Двенадцатый показатель: «Утрата авторитета страны в мире, потеря самостоятельной внешнеполитической роли, роли и влияния в международных отношениях» (рис. 28.12).
«Да, это огромная потеря, все жалеют» — 66%.
«Может, кто-то и жалеет об этом, но их немного» — 20%.
«Такого никогда и не было, это — миф» — 7%.
«Нет, об этом никто не жалеет» — 3%.
Не ответили — 4%.
Я ознакомил вас очень вкратце с огромными результатами.
Во-первых, поздравляю всех с тем, что вообще удалось добыть эти результаты.
Во-вторых, поздравляю с тем, что это еще не все результаты — мы добыли гораздо больше результатов. И мы будем знакомить с ними тех, кто вместе с нами их добывал. Будем знакомить с ними тех, для кого это станет оружием действия.

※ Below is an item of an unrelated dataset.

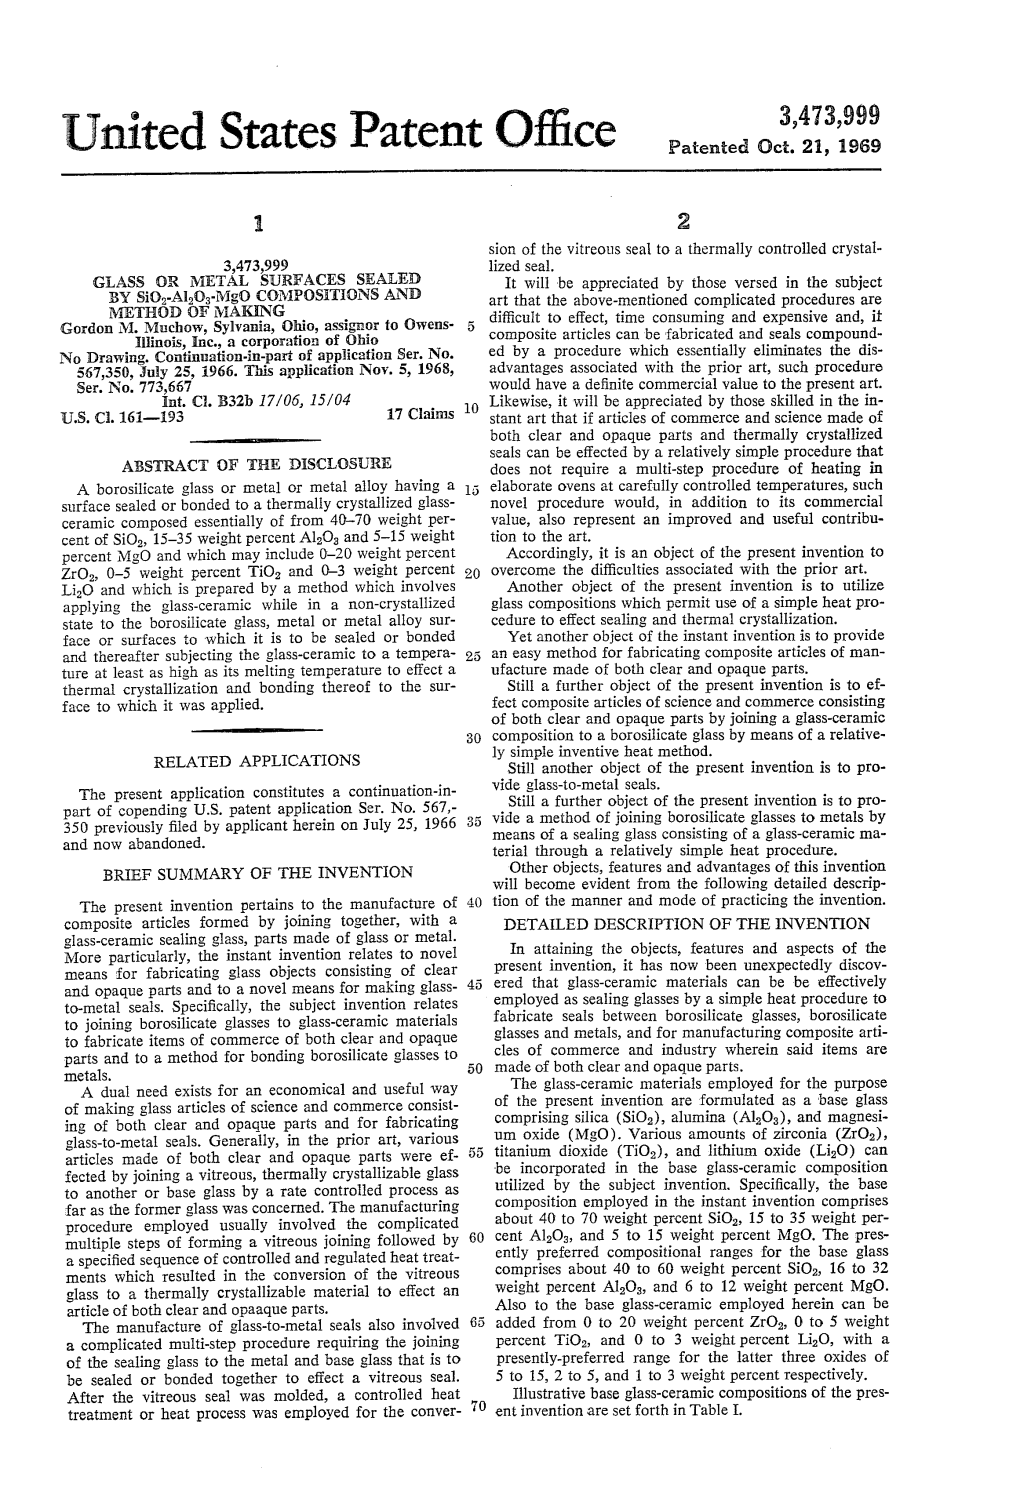 United States Patent O" Ice Patented Oct

И, наконец, я поздравляю всех с тем, что хотя наше общество и очень проблемное, но оно уже такое. И наша задача заключается в том, чтобы оно еще и еще сдвигалось в ту сторону, которая выведет нас из нынешнего колониально-криминального омерзительного состояния, несовместимого с жизнью страны.
Наконец-то это уже понимает большинство населения.